The first of our two final choices is Stephen Curry. His scoring is down 2.7 points compared to last season. He’s shooting the second-lowest 3-point percentage of his career in a healthy season, his lowest 2-point field goal percentage since his 2011 sophomore season, and averaging his fewest assists ever. Curry, once the on-off splits king of basketball, has watched the Warriors play five points per 100 possessions better with him on the bench. Only here’s the thing… this is Stephen Curry we’re talking about. This might be the worst season of his career, but the worst season of Stephen Curry’s career is better than the best season almost anyone else will ever see. He still leads the NBA in 3-pointers made per game by a mile. He’s averaging nine more points per game than any of his teammates. It’s not his fault the Warriors have crumbled around him. If anything, he’s the only reason they aren’t the worst team in the NBA.

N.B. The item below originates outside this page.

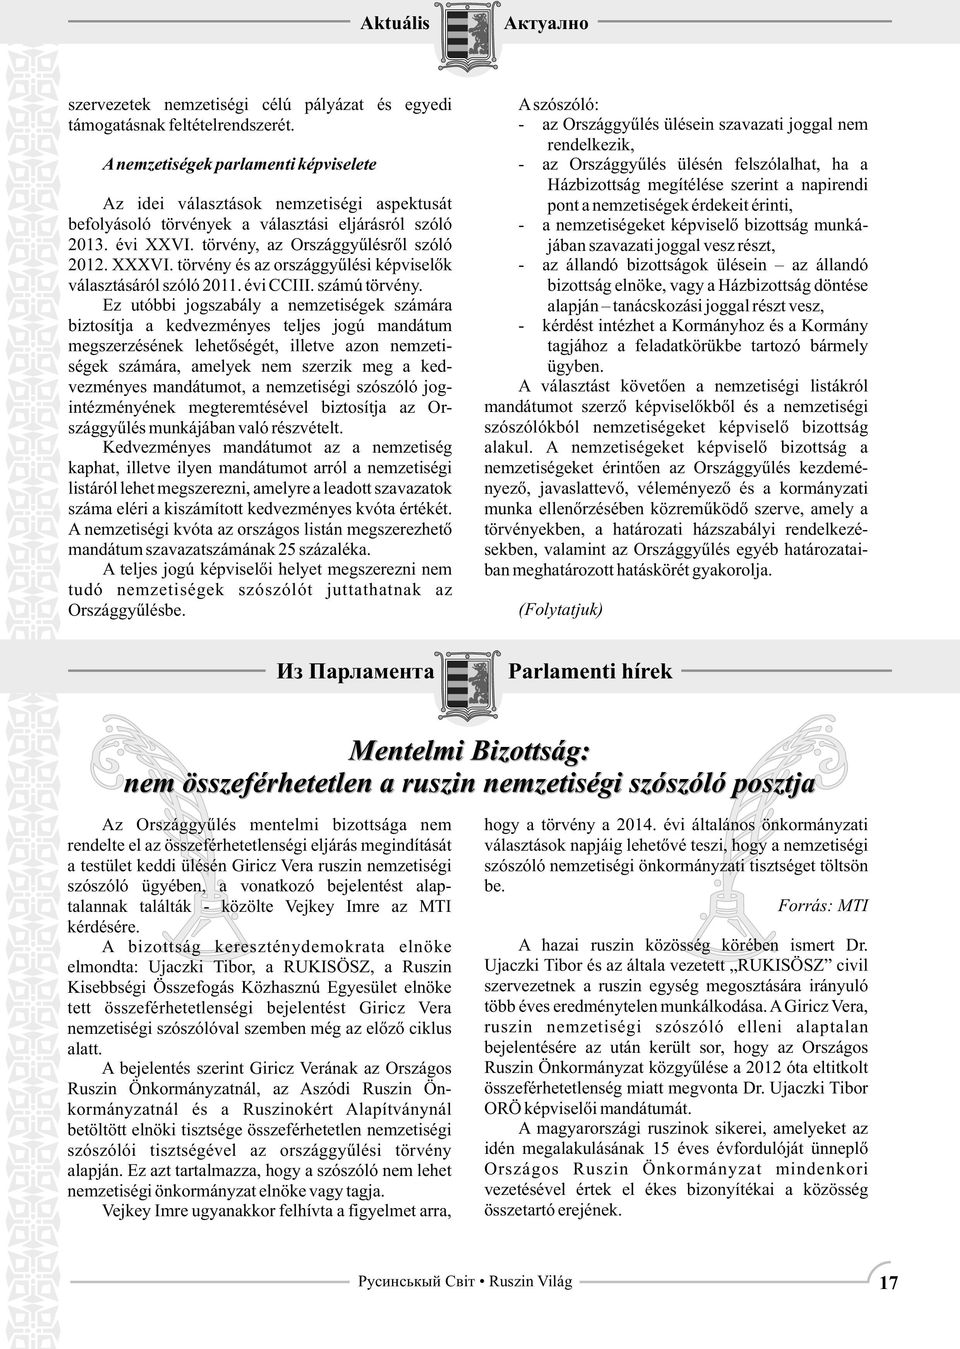 törvény és az országgyűlési képviselők választásáról szóló 2011. évi CCIII. számú törvény.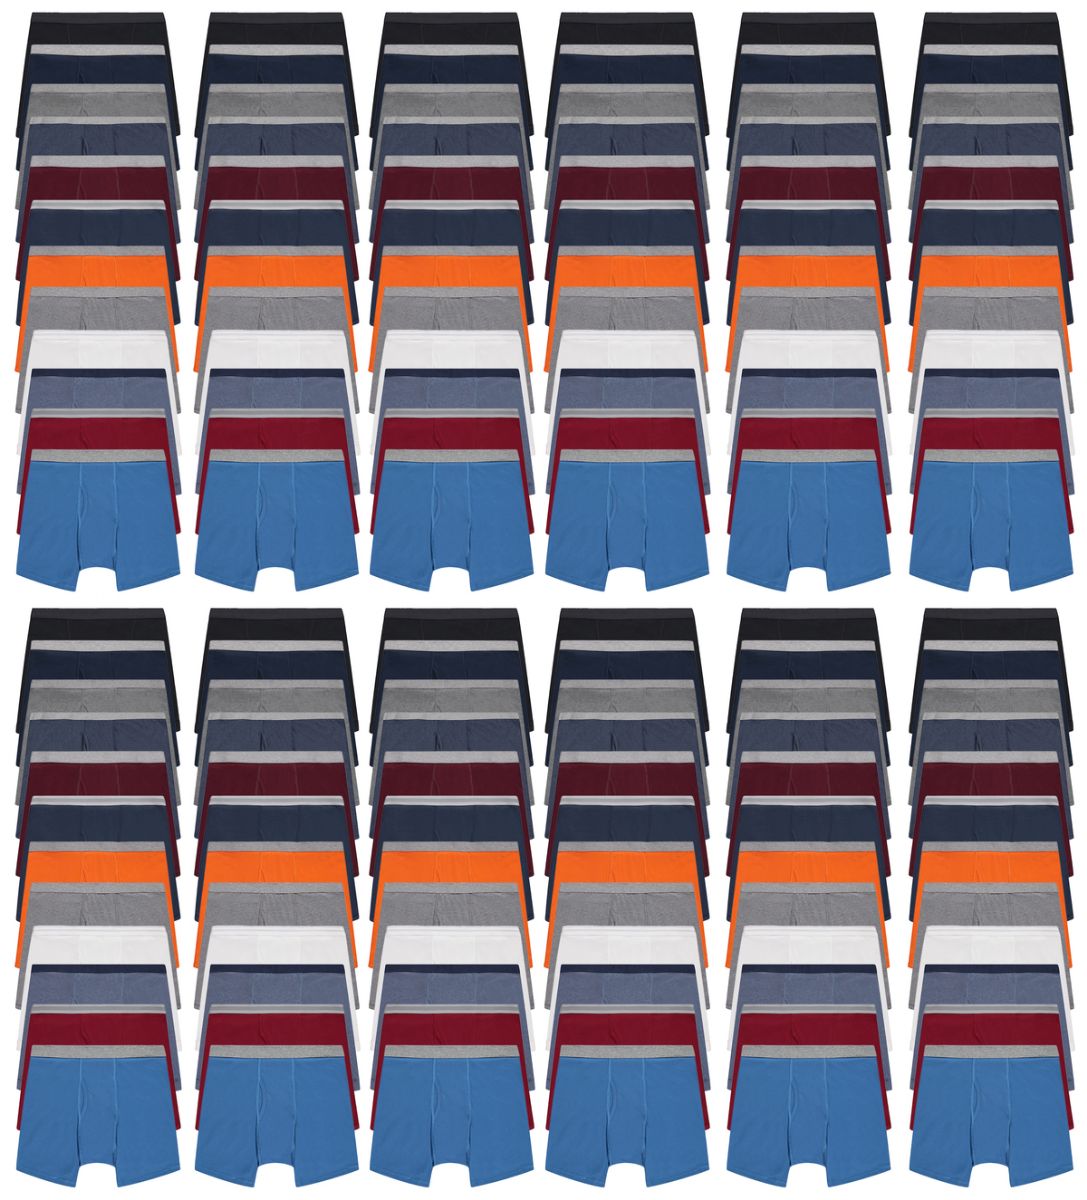 144 Wholesale Men's Cotton Underwear Boxer Briefs In Assorted Colors Size 2xlarge

De’Aaron Fox knows what it’s like to play for that kind of team, but if he keeps playing at his current level, he never will again. He’s lost a fair bit of efficiency inside of the arc, but traded it for the 3-point shooting he’s always lacked. The result has been a complete inability for opposing defenders to guard him. How are you supposed to stay between the NBA’s fastest guard and the basket if you can’t go under screens anymore? He’ll never be an elite defender, but he’s become a very active one. Only Gilgeous-Alexander is deflecting more shots per game, for instance, and that has translated to an impressive 1.6 steals per night. For all of the talk of Sacramento underperforming, that’s mostly a function of seed. The Kings are 21-15 in games Fox plays, a 48-win pace over the full season. That’s exactly how many games they won last season, but they were a No. 3 seed instead of No. 7 because the conference is deeper. If there was any question about his All-Star leap last season, they should be erased. Fox is here to stay.